Apparently, life under lockdown has damaged my corpus callosum. I typed up my 
proof-of-concept code and emails with one half of my brain—and it was the other 
half that wrote that documentation.

So thanks for the memory jog. My excuse is that (as was the case with my 
malformed ISBN that Peter Holzer pointed out in a separate thread) I wanted 
just to show myself, as a proof-of-concept, that stripping nulls was 
feasible—so I gave it no more thought once I'd done that. But, I suppose, 
that's not excuse...

Anyway, my "strip_null_keys()" is already on the scrapheap. And the body of my 
"no_null_keys()" reduced to a single line:

create function no_null_keys(j in jsonb)
  returns boolean
  immutable
  language sql
as $body$
  select j = jsonb_strip_nulls(j);
$body$;

You might argue that I don't need to bother with the encapsulation. But it 
makes testing easier—and I'm trusting that inlining works as advertised.

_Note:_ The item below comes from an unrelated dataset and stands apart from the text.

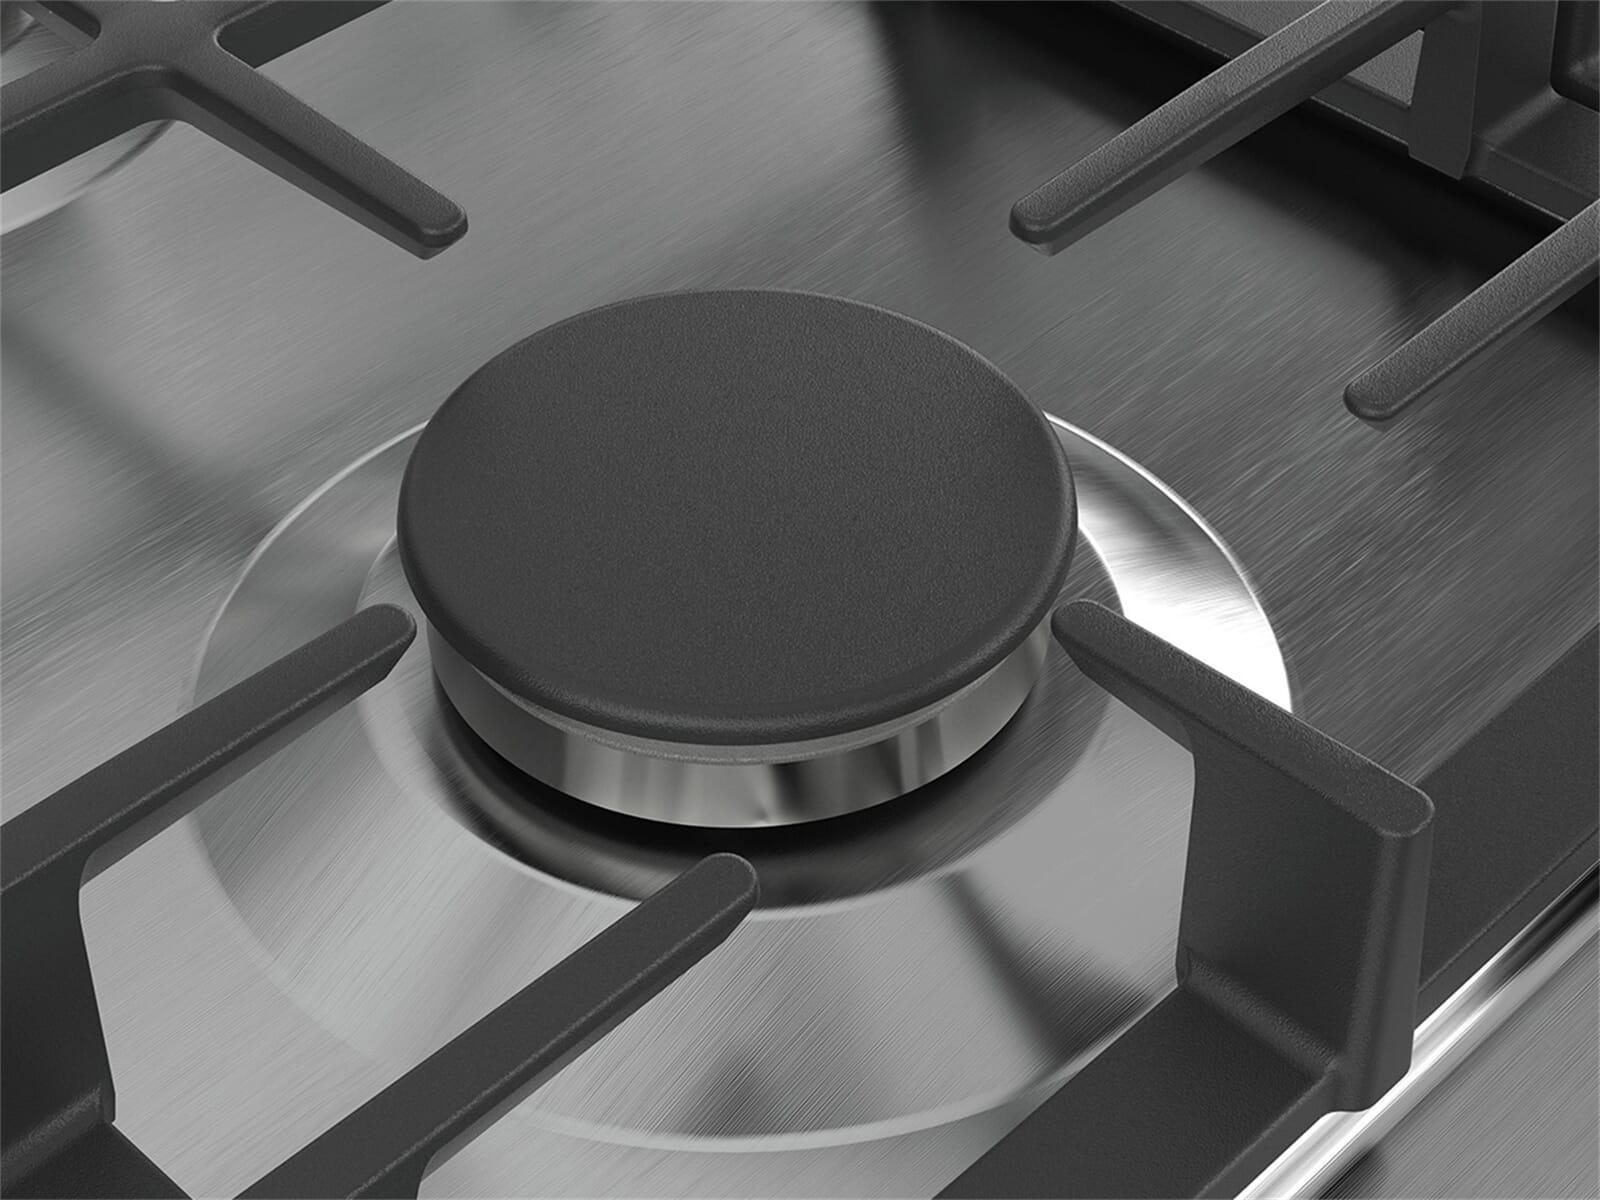 gaskochfeld autark simple gaskochfeld autark cata l ci gas auf glas gasbrennern wok with. Black Bedroom Furniture Sets. Home Design Ideas

Your point about false positives is well taken. So, just for sport:

create type t1 as (k int, v text);
create type t2 as (a int, b int, c t1, d t1, e text[]);

create function j()
  returns jsonb
  language plpgsql
as $body$
declare
  tconstant textnot null := 'How we wrote a regular expression to 
detect occurrences of « "some key": null » in our JSON documents!';
  c1   constant t1  not null := (17, t);
  c2   constant t1  not null := (29, null);
  arr  constant text[]  not null := array['x', null::text, t];
  rconstant t2  not null := (42, null, c1, c2, arr);
begin
  return to_jsonb(r);
end;
$body$;
select jsonb_pretty(j());

The output includes two occurrences of this:

"How we wrote a regular expression to detect occurrences of « \"some key\": 
null » in our JSON documents!"

I believe that the "jsonb" to "text" conversion never produces an isolated 
double-quote within the representation of an object key's value. I checked that 
my "strip_null_keys()" handled your example before consigning it to the 
scrapheap—and it didn't let me down. But it would be foolish to argue that 
there isn't some way to provoke a false positive.